Datatec has lifted the lid on its mystery M&A negotiations and revealed that it is in discussions to sell "a major share of Westcon-Comstor's operations" for a potential price of more than $800m. Additionally, the company - which also owns integrator Logicalis - announced that profitability for its 2017 fiscal year is set to be cut in half, following a weak fourth quarter for Westcon-Comstor in EMEA.
Johannesburg-listed Datatec first announced in January that it was in discussions pertaining to a potential "transaction", but did not reveal which part of its business the talks related to. It issued an update in March announcing that the discussions were ongoing, but again failed to disclose the subject of the dialogue. Today the company confirmed that it is mulling a deal worth a total in excess of $800m to sell at least a significant part of the Westcon-Comstor unit, which includes comms, networking, security, and datacentre infrastructure distribution activities.
Datatec did not name any prospective acquirers, but in the last few months channel chatter has suggested that US giants Arrow and Synnex are the only two viable bidders, and that both harbour some interest in a deal.
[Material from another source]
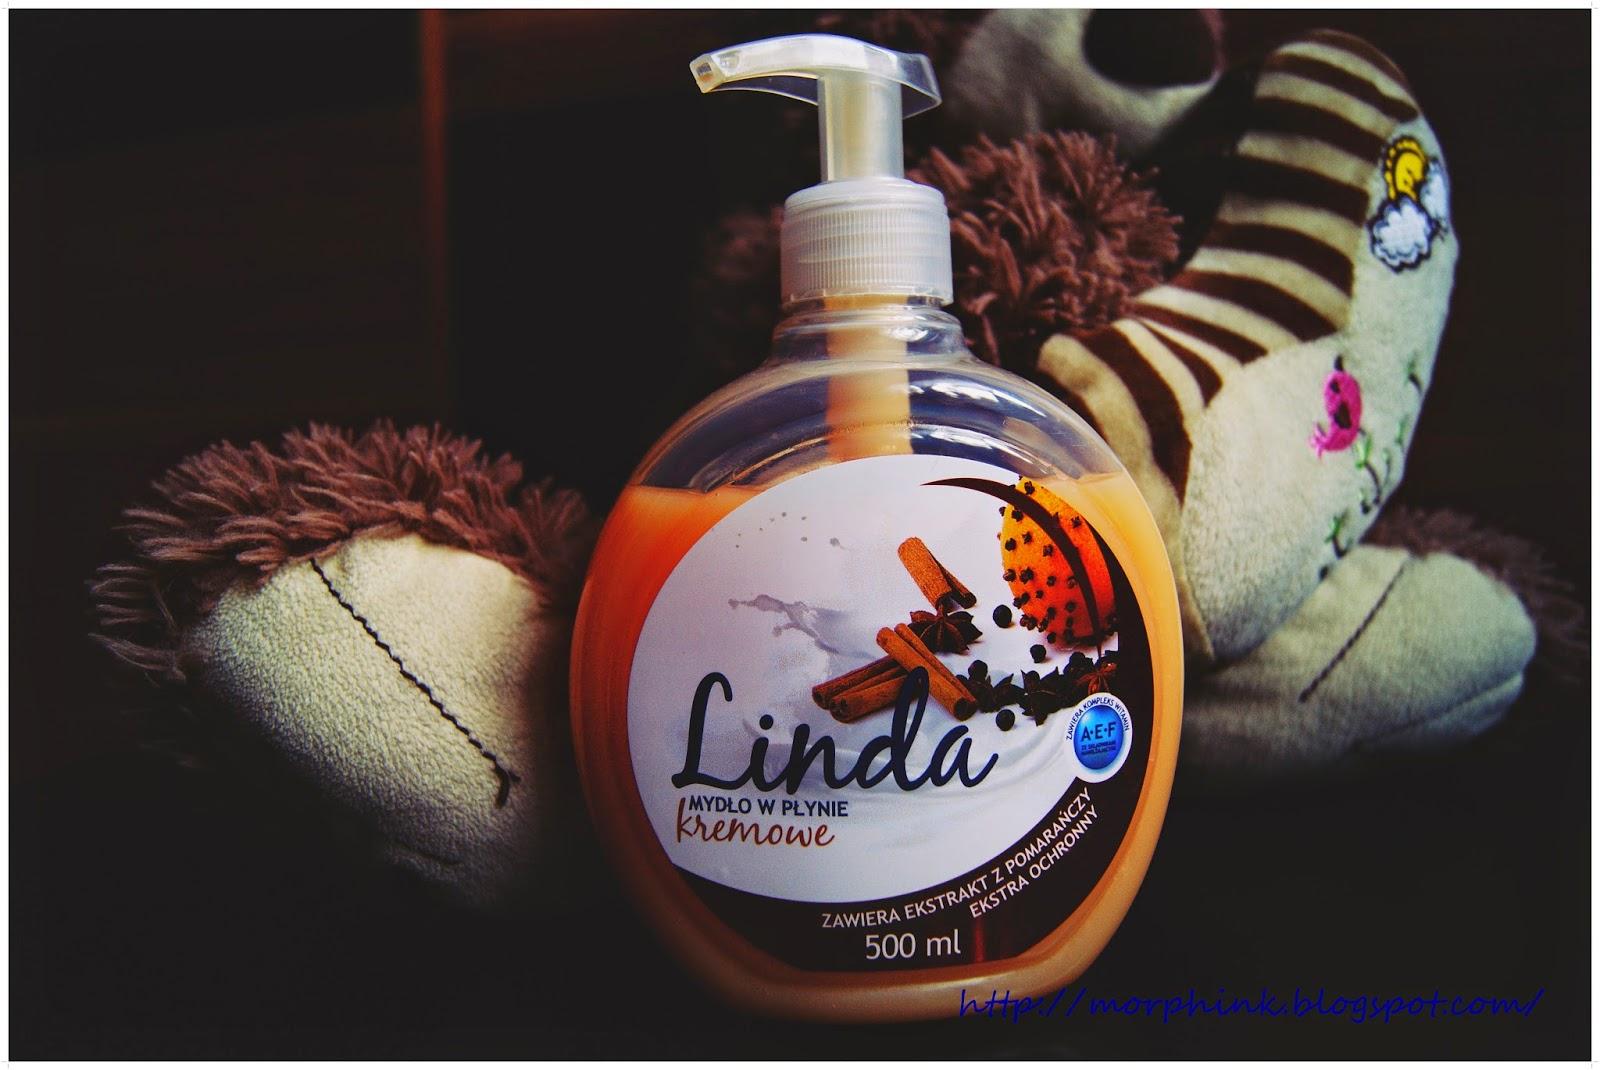 Linda? Bogusław Linda?

CRN sister publication Channelnomics Europe has contacted both Arrow and Synnex requesting comment for this story. The former indicated that it does not respond to speculation, and we were awaiting awaiting response from the latter at time of going to press.
In its 2016 fiscal year Westcon-Comstor's turnover was flat at $4.9bn. Operating profit dropped 37.9 per cent year on year to $62.2m, having been impacted by currency fluctuations and problems arising from the initial stages of a global rollout of SAP software.
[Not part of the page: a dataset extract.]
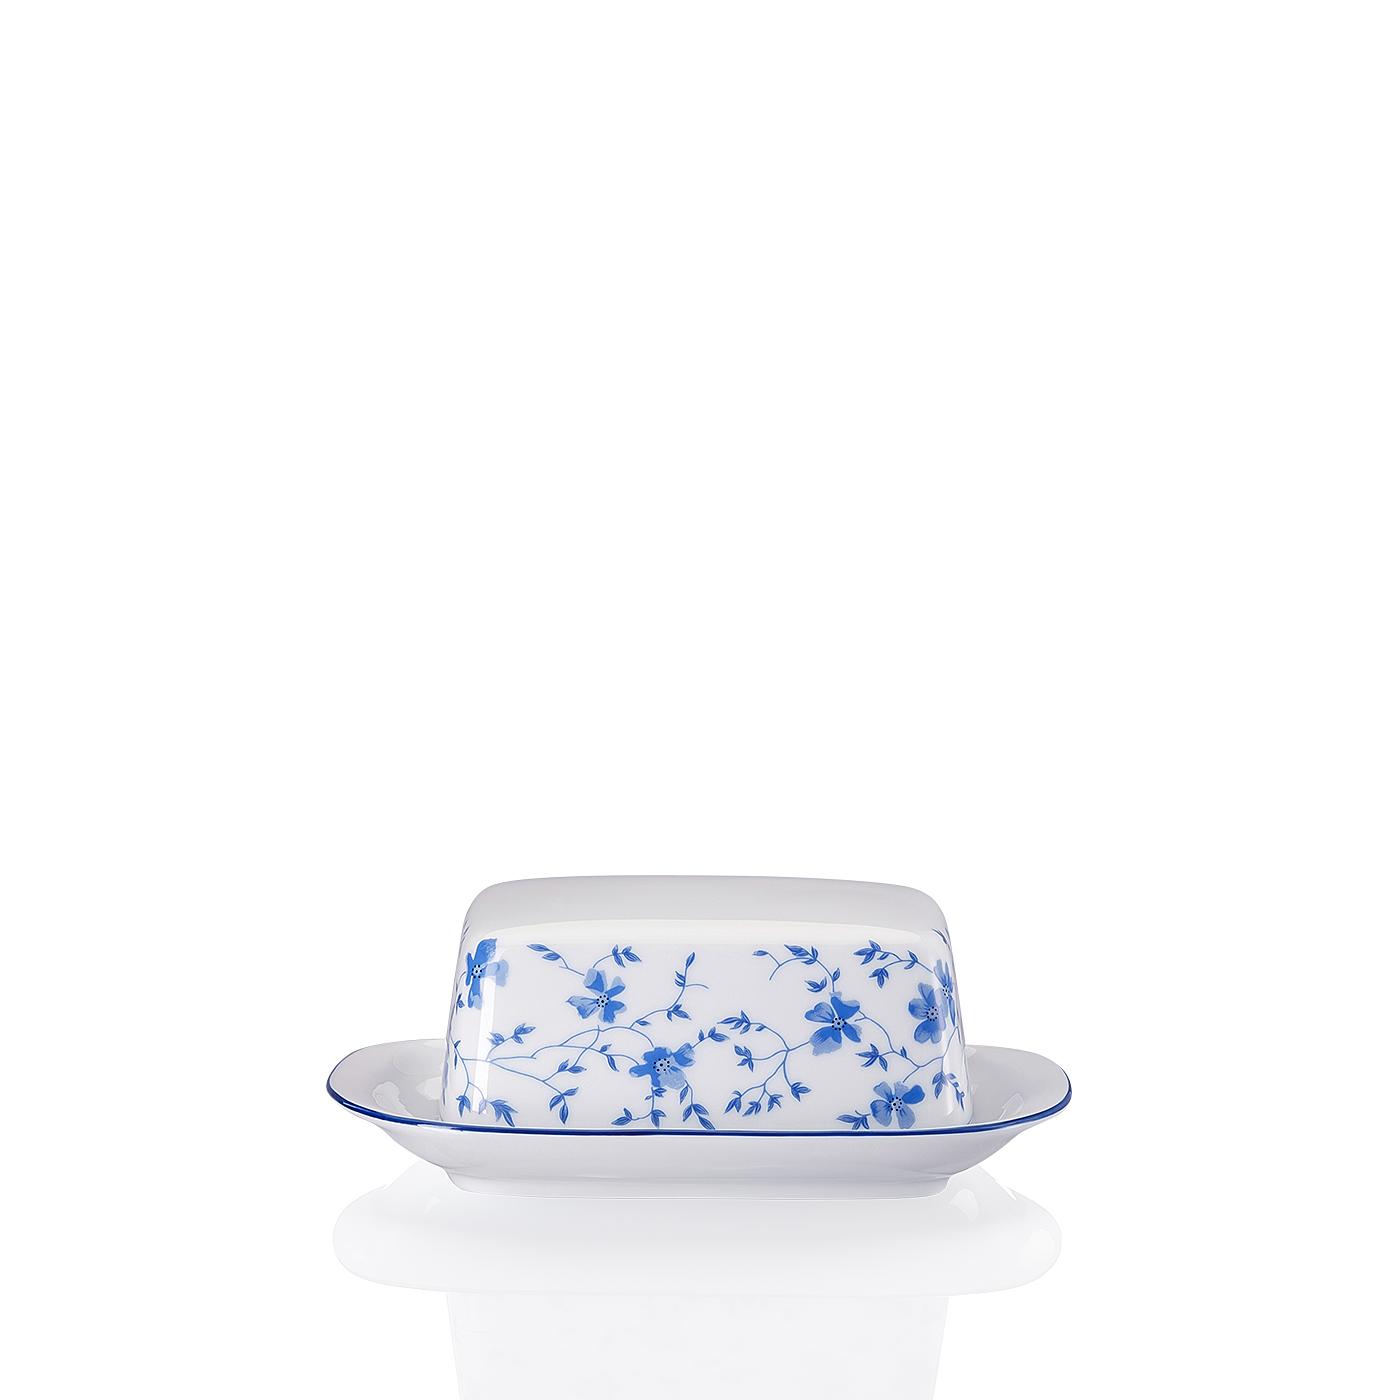 Butterdose klein Form 1382 Blaublüten Arzberg

This equates to 75 per cent of Datatec's total top line. The company operates in more than 60 countries across the world, and its sales are fairly evenly split globally, with 37 per cent generated in North America in FY16, 33 per cent coming from Europe, and 10 per cach in Asia-Pacific, Latin America, and Africa and the Middle East.
Its core vendor partnerships include Cisco, Avaya, Polycom, Juniper and Check Point, and its business is, again, fairly evenly split along technological lines. Some 34 per cent came from security in FY16, with 26 per cent from unified communications, 25 per cent from networking, and 18 per cent from datatcentre and other technologies.
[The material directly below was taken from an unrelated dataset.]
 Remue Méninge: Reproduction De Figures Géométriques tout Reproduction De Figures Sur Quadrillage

Alex Tatham, managing director of UK-based distributor Westcoast, said: "Westcon-Comstor is an excellent distributor. It is no surprise that, following Datatec's January announcement, this was a likely sale and I am sure that whoever gets it will value it as a very important global distribution business."
More SAP headaches
Elsewhere, Datatec announced that, contrary to earlier predictions, the firm will see a hefty decline in underlying profitability. In October last year Datatec issued an interim results statement for the first half of FY17, in which it forecast that underlying earnings per share (EPS) for the second half were expected to improve on both a sequential and year-on-year basis.
But today the firm announced that it now expects both underlying and headline full-year EPS to decline by at least 50 per cent lower in comparison with the prior year. In FY16 underlying and reported EPS stood at $0.32 and $0.19, respectively, and those figures are anticipated to drop by at least $0.16 and $0.10 for the year that closed on 28 February. Datatec indicated that it "will provide a more detailed trading statement as soon as practicable".
The decline in profitability is related to a deterioration in Westcon-Comstor's performance in the EMEA region during the fourth quarter of the year. This was largely attributed to a problematic ERP rollout in the region.
"Westcon-Comstor experienced disruption to the business as a result of final stages of SAP implementation in EMEA," said today's statement. "Westcon-Comstor has made adjustments to the operating model and Datatec expects this to support a rapid recovery."